Это было что-то совсем новое и неожиданное. Однако чувствовалось, что именно нечто подобное и было нужно, что при прежнем нельзя было оставаться, потому что оно слишком измучило своею бесплодностью и безнадежностью… Теперь не слышно было тихих слез, не слышно было отчаяния; силою и дерзким вызовом звучала каждая нота. И что-то продолжало отчаянно бороться, и невозможное начинало казаться возможным; казалось, еще одно усилие – и крепкие цепи разлетятся вдребезги и начнётся какая-то великая, неравная борьба. Такою повеяло молодостью, такою верою в себя и отвагою, что за исход борьбы не было страшно. «Пускай нет надежды, мы и самую надежду отвоюем!» – казалось, говорили эти могучие звуки.
Я задерживал дыхание и в восторге слушал. Ночь молчала и тоже прислушивалась, – чутко, удивленно прислушивалась к этому вихрю чуждых ей, страстных, негодующих звуков. Побледневшие звезды мигали реже и неувереннее; густой туман над прудом стоял неподвижно; березы замерли, поникнув плакучими ветвями, и все кругом замерло и притихло. Над всем властно царили несшиеся из флигеля звуки маленького, слабого инструмента, и эти звуки, казалось, гремели над землею, как раскаты грома.
С новым и странным чувством я огляделся вокруг. Та же ночь стояла передо мною в своей прежней загадочной красоте. Но я смотрел на нее другими глазами: все окружавшее было для меня теперь лишь прекрасным беззвучным аккомпанементом к тем боровшимся, страдавшим звукам.
Теперь все было осмысленно, все было полно глубокой, дух захватывающей, но родной, понятной сердцу красоты. И эта человеческая красота затмила, заслонила собою, не уничтожая ту красоту, по-прежнему далекую, по-прежнему непонятную и недоступную.
В первый раз я воротился в такую ночь домой счастливым и удовлетворенным.
Порыв>*
В тот вечер мы засиделись. По крыше барабанил дождь, сад шумел, где-то наверху, за стеною, быстро и мерно капало. Все снаружи сливалось в смутный шум, и рядом с ним в зале казалось особенно тихо. Самовар потух.
Шура тесно прижималась к маме. Мама гладила ее по голове и грустно говорила:
– Солнцевка наша с каждым годом все меньше дает доходу, земля заложена-перезаложена, нечем даже заплатить проценты в банк. Только и оставалось папе, что поступить на должность. А ехать приходится в Пожарск за двести верст. Отпуск бог весть когда дадут, живи там один-одинешенек… И как ему самому не хочется ехать! Вчера он говорил мне: «Уеду я в Пожарск, – когда я опять увижу мою Шурку, ее глазки и ласки?» И в рифму так: «глазки – ласки»… – слабо улыбнулась она.

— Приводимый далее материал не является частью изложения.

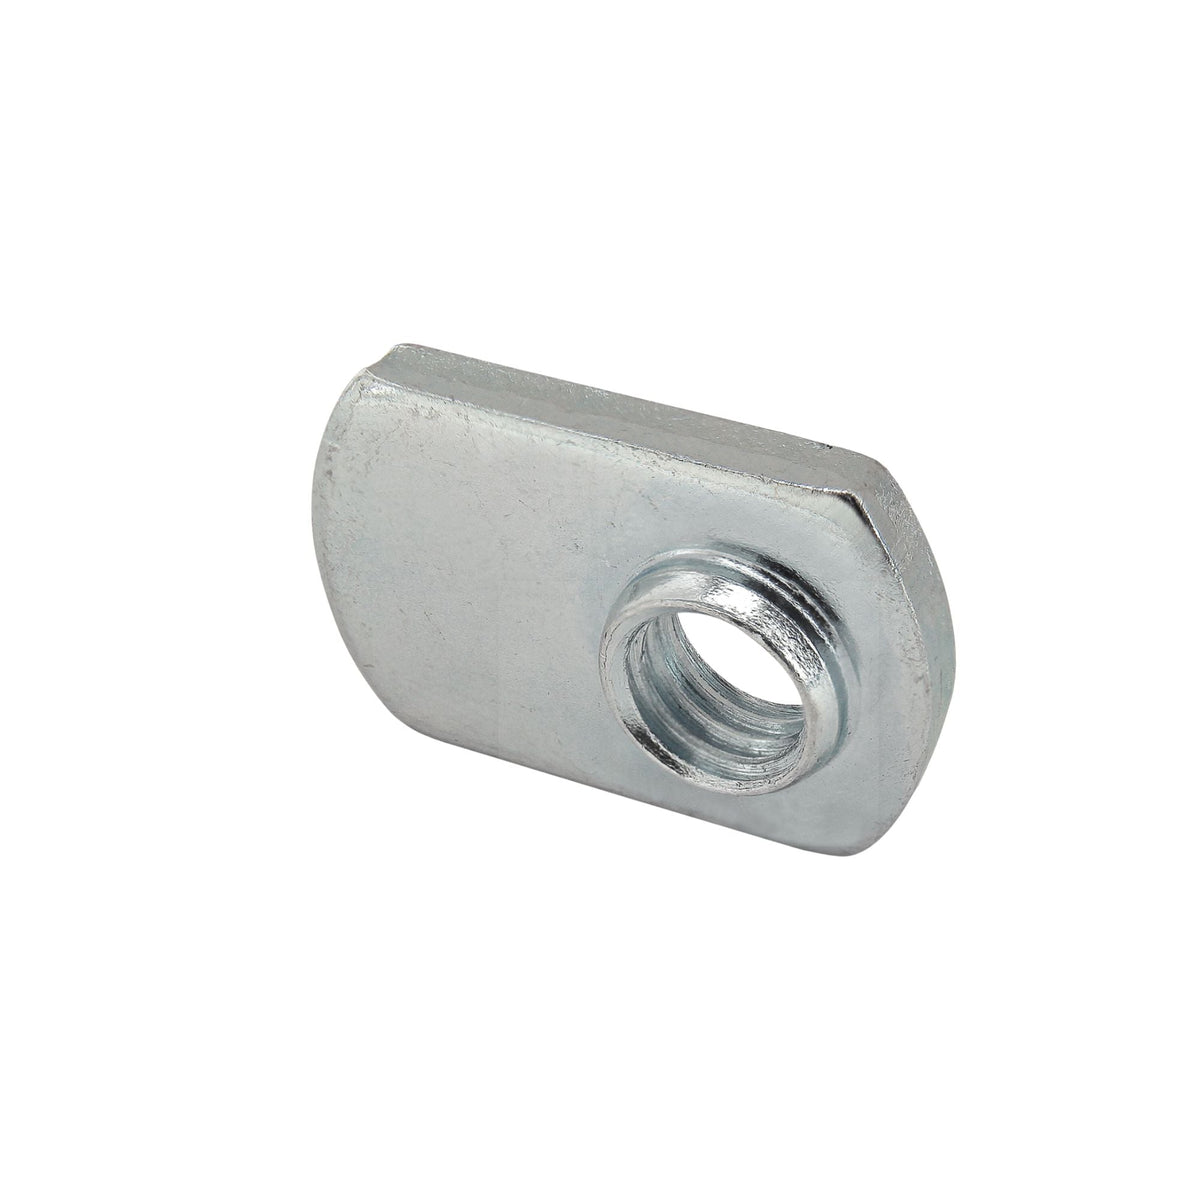 side view of a metal T-nut with mounting hole on the right

– Мамочка, да зачем же ехать папе? – быстро и умоляюще возразила Лиза. – Ну, ты говоришь, что мало денег. Так мы можем есть черный хлеб, а не белый. Потом: зачем у нас пирожное? Ведь можно и без пирожного очень хорошо… Все эти деньги и можно копить, и тогда папе совсем не нужно ехать.
– Все это мало поможет… Вот теперь ты в гимназию поступаешь, Мите через три года уж ехать в университет. А там Шура подрастет. На все нужны деньги, деньги… С пирожного тут не много выгадаешь.

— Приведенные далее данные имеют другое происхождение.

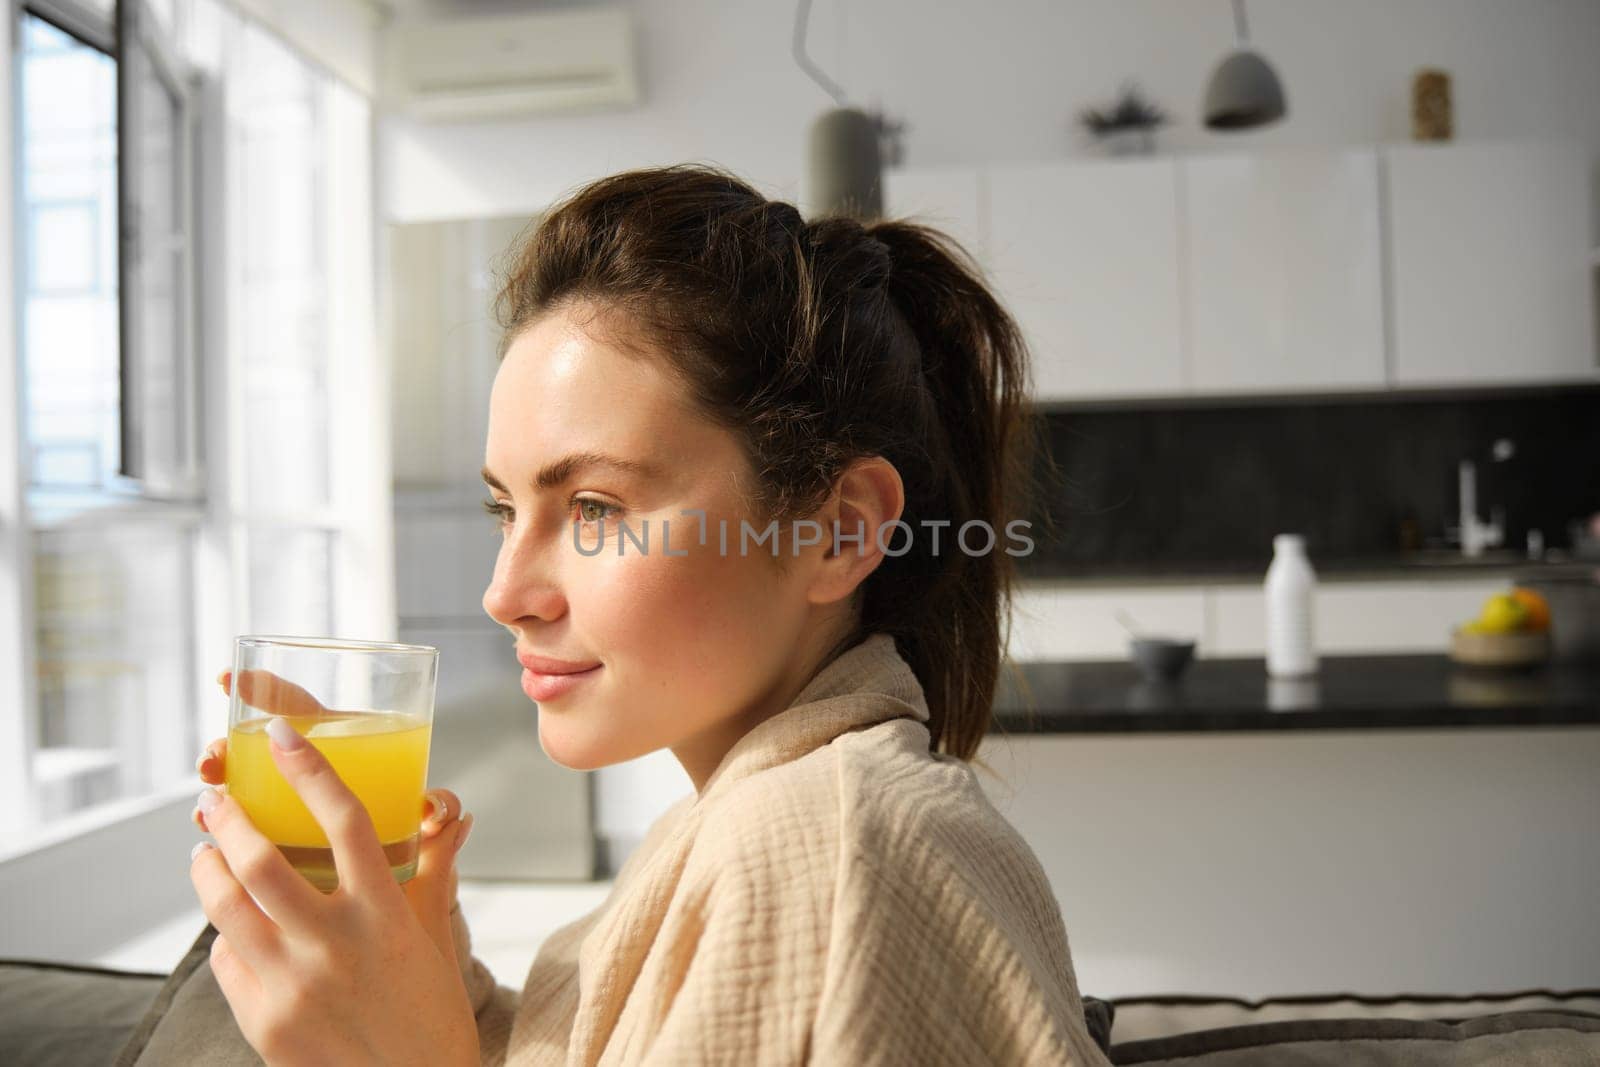 Portrait of gorgeous, modern young woman wakes up in morning, has her fresh glass of orange juice, looks outside window, relaxing in bathrobe at home.

Мама задумалась. Старшая сестра Катя шила на машине. Мерный стук колеса одиноко раздавался в зале, не мешаясь с шумом дождя и ветра за окном.
– Да что это он, право, все у себя в кабинете сидит?..

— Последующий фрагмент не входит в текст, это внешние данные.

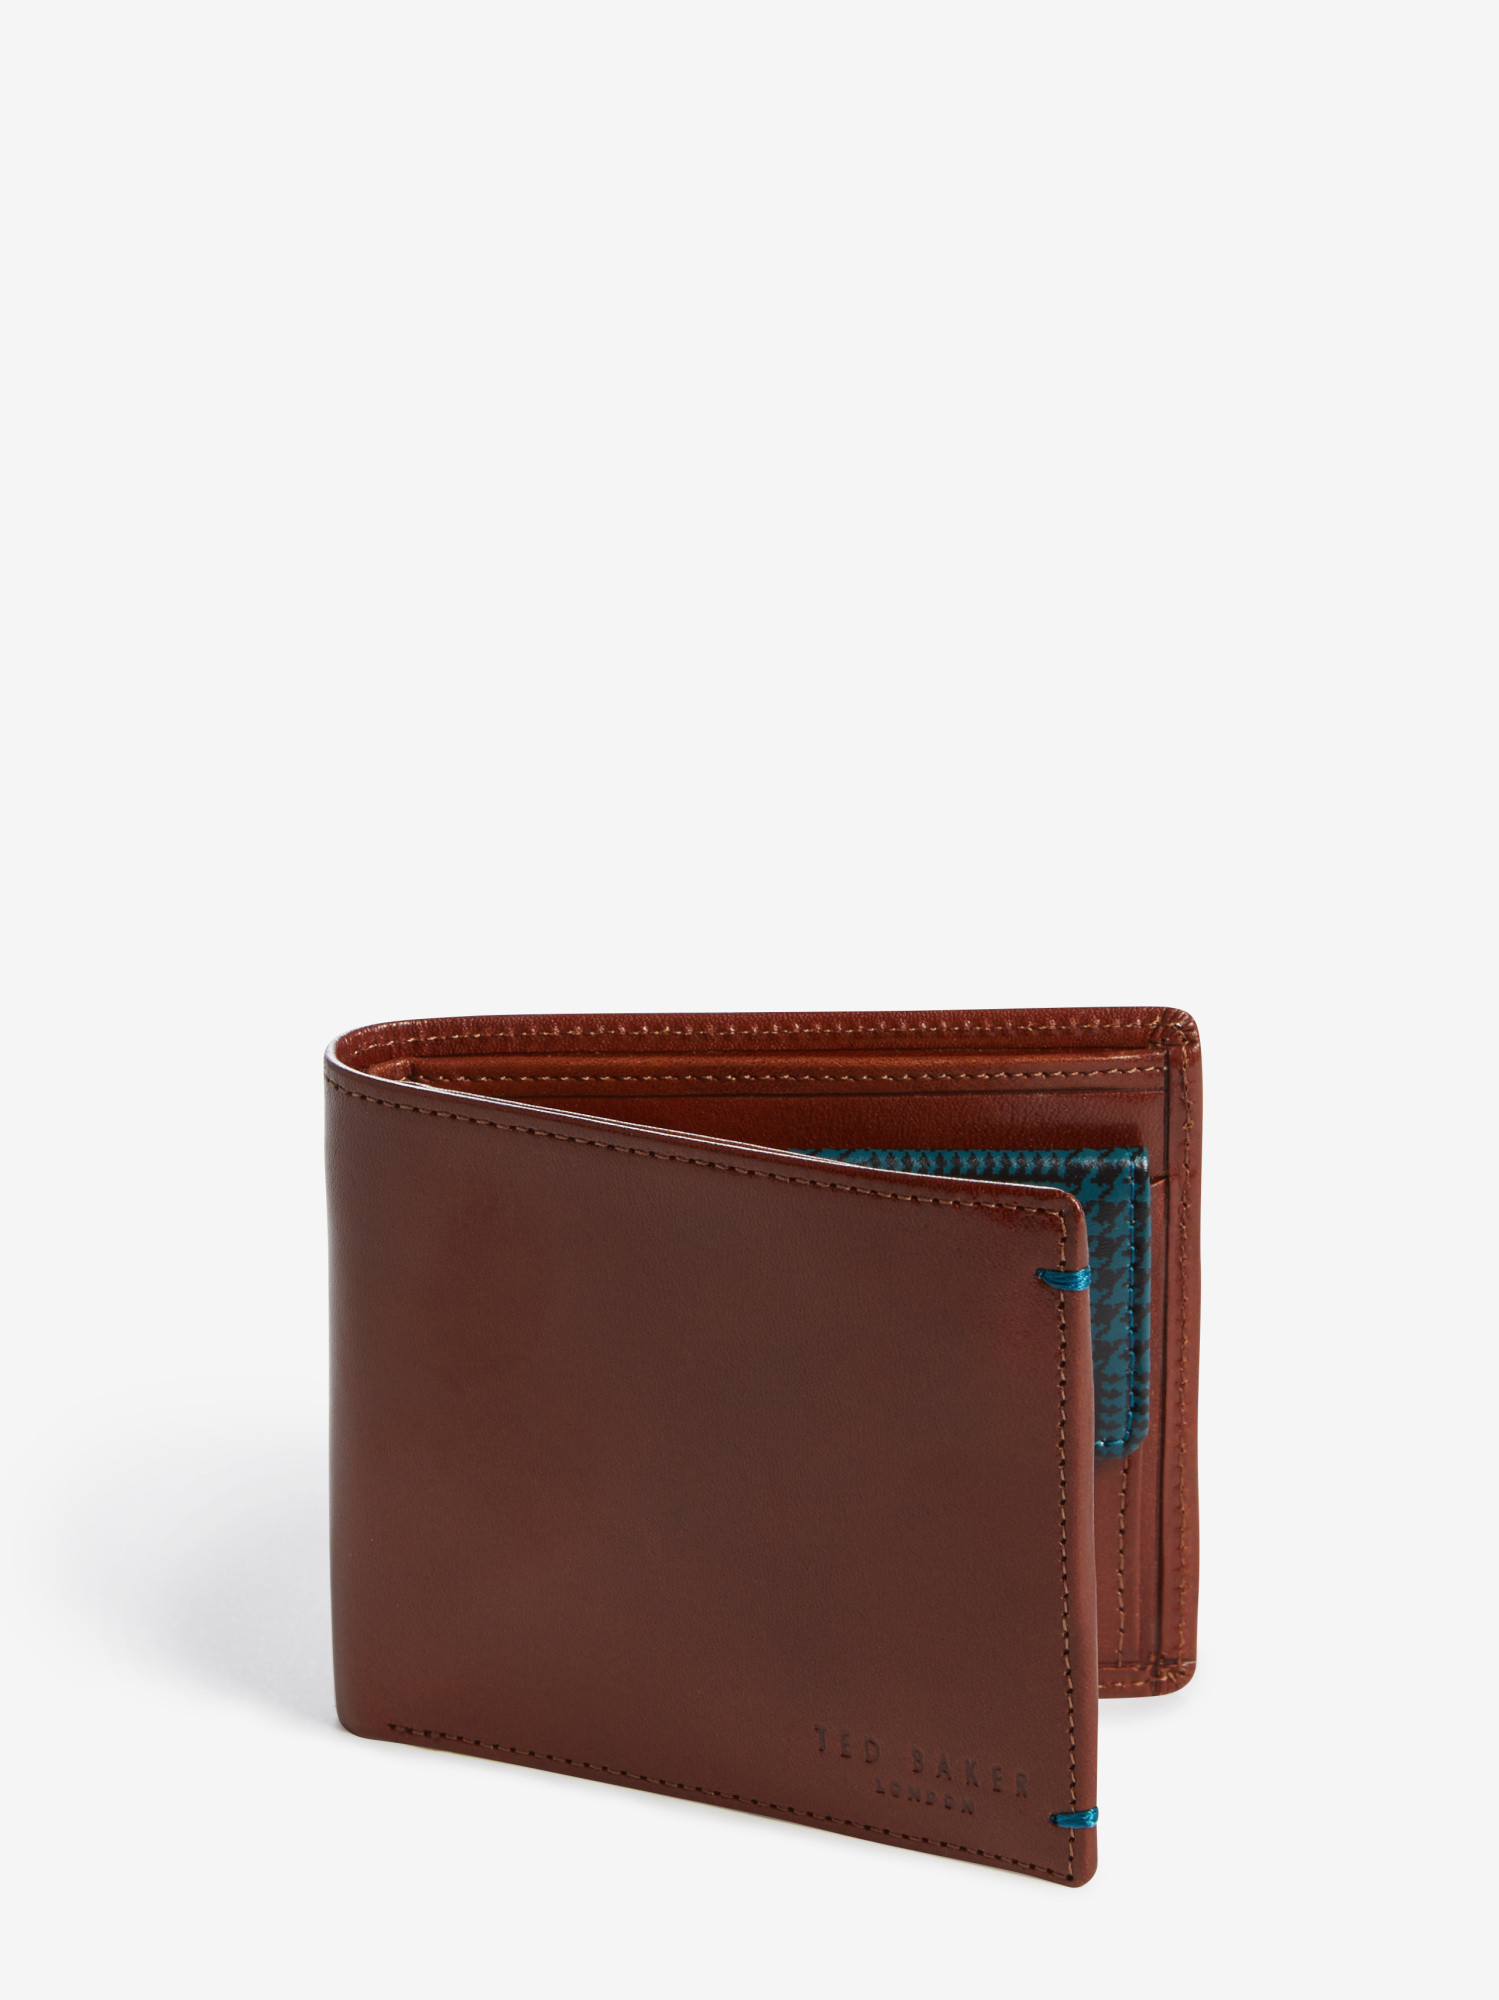 Lyst - Ted Baker Leather Wallet With Coin Holder in Brown for Men

Василий Алексеевич, иди, голубчик, к нам! – позвала мама. – Что это в самом деле! И так всего неделька осталась, а ты все у себя сидишь за бумагами. Успеешь еще.
Папа кашлянул, поднялся и, разминаясь, вошел в зал… Сухощавое лицо его было устало, глаза, как всегда, смотрели сумрачно и озабоченно.
– Ей-богу, ведь так и не увидишь тебя совсем. Посиди с нами хоть немножко.
– Нужно было там счеты свести за июнь… А дождь-то слышишь? – все идет и идет!.. Это уж пятый день без перерыва. Совсем сопреет хлеб в поле.
– А что барометр говорит?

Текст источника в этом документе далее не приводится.